Reputation: 2768
In MySQL I have 3 tables called "product", "product_group" and "product_category"
Products can be related to each other via the "product_group" table.
Products can appear in particular categories via the "product_category" table.
What I want to do is retrieve all products from a particular category, that either have a price, or contain one or more child products that have a price.
Here's an example of the tables:
product
=======
product_id price
1 10.00
2 20.00
3 0.00
4 40.00
5 50.00
6 0.00
7 0.00
8 0.00
9 0.00
10 0.00
11 1.99
product_group
=============
product_id child_product_id
6 1
6 2
7 3
7 4
8 9
product_category
================
category_id product_id
1 5
1 6
1 7
1 8
1 10
2 11
This means that products 1 and 2 are children of product 6. Products 3 and 4 are children of product 7. Product 9 is a child of product 8.
Products 5, 6, 7, 8 and 10 are in category 1.
What I want is a query to return all products in category 1 that either have a price, or contain one or more children that have a price. So I would expect to get products 5, 6, 7. Although products 8 and 10 are in category 1 I don't want these as they don't have a price, and they don't contain children that have a price.
I could post the query I have written so far using a combination of inner and left joins, but I fear that it's completely wrong.
Thank you for looking.
* Edit *
I discovered my original query did work, I'd got the data in two of my columns mixed up. Here is my original query below:
SELECT p.product_id
FROM product p
JOIN product_category c
ON c.product_id = p.product_id
AND c.category_id = 1
LEFT
JOIN product_group g
ON p.product_id = g.product_id
LEFT
JOIN product AS p2
ON p2.product_id = g.child_product_id
AND p2.price > 0
WHERE p.price > 0 OR p2.product_id IS NOT NULL
GROUP BY p.product_id
Upvotes: 1
Views: 2066
Reputation: 108410
I'd do it something like this:
SELECT p.product_id
FROM product p
JOIN product_category c
ON c.product_id = p.product_id
AND c.category_id = 1
LEFT
JOIN ( SELECT g.product_id
FROM product_group g
JOIN product h
ON h.product_id = g.child_product_id
AND h.price > 0.00
GROUP BY g.product_id
) r
ON r.product_id = p.product_id
WHERE p.price > 0
OR r.product_id IS NOT NULL
NOTES:
The JOIN to product_category gets us the restriction that the product has to be in category 1.
The inline view (derived table aliased as r) gets us a list of "parent" product_id that have have child_product_id which have a price.

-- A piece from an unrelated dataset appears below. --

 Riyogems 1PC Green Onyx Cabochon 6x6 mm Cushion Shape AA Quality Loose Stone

We make that an OUTER join so we still get all the rows in category 1, we're just doing a match.
In the WHERE clause, we're filtering out rows, and keeping only those product that have a price, or that had a matching row from the inline view.

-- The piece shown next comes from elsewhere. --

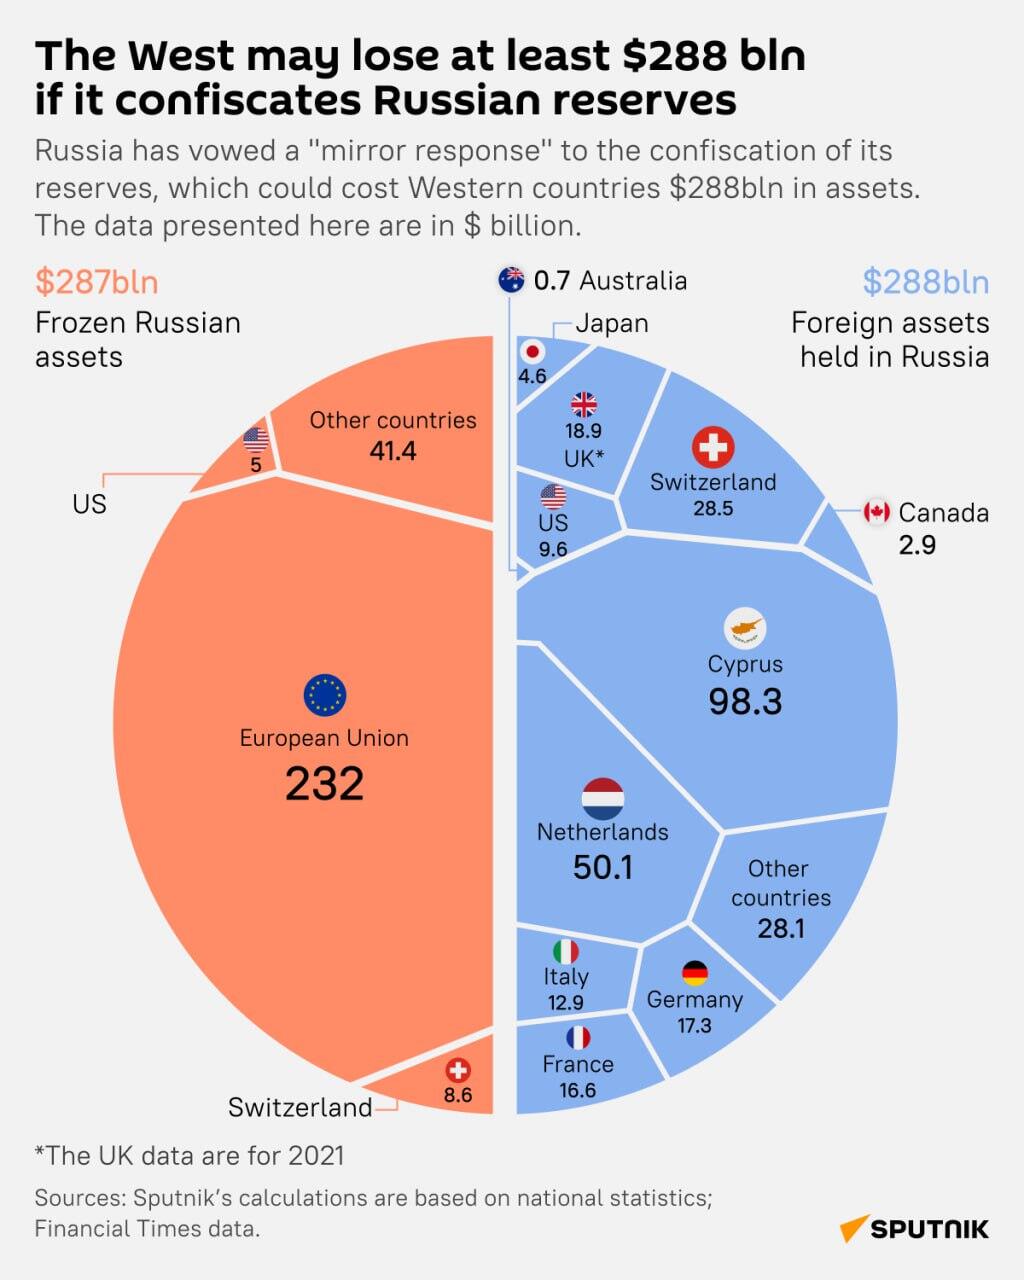 Foreign assets held in Russia - Sputnik International

This is just one way, there are there are several ways to get an equivalent resultset.
This assumes that product_id is unique in the product table.
This also assumes that the (category_id,product_id) tuple is unique in the product_category table, that is, there won't be duplicates, e.g. (1,5),(1,5). If that assumption isn't valid, then we probably want to add a GROUP BY p.product_id at the end of the query, to get a distinct list.
Also, this only looks at direct children; it doesn't look to see if a grandchild (a child of the child) have a price.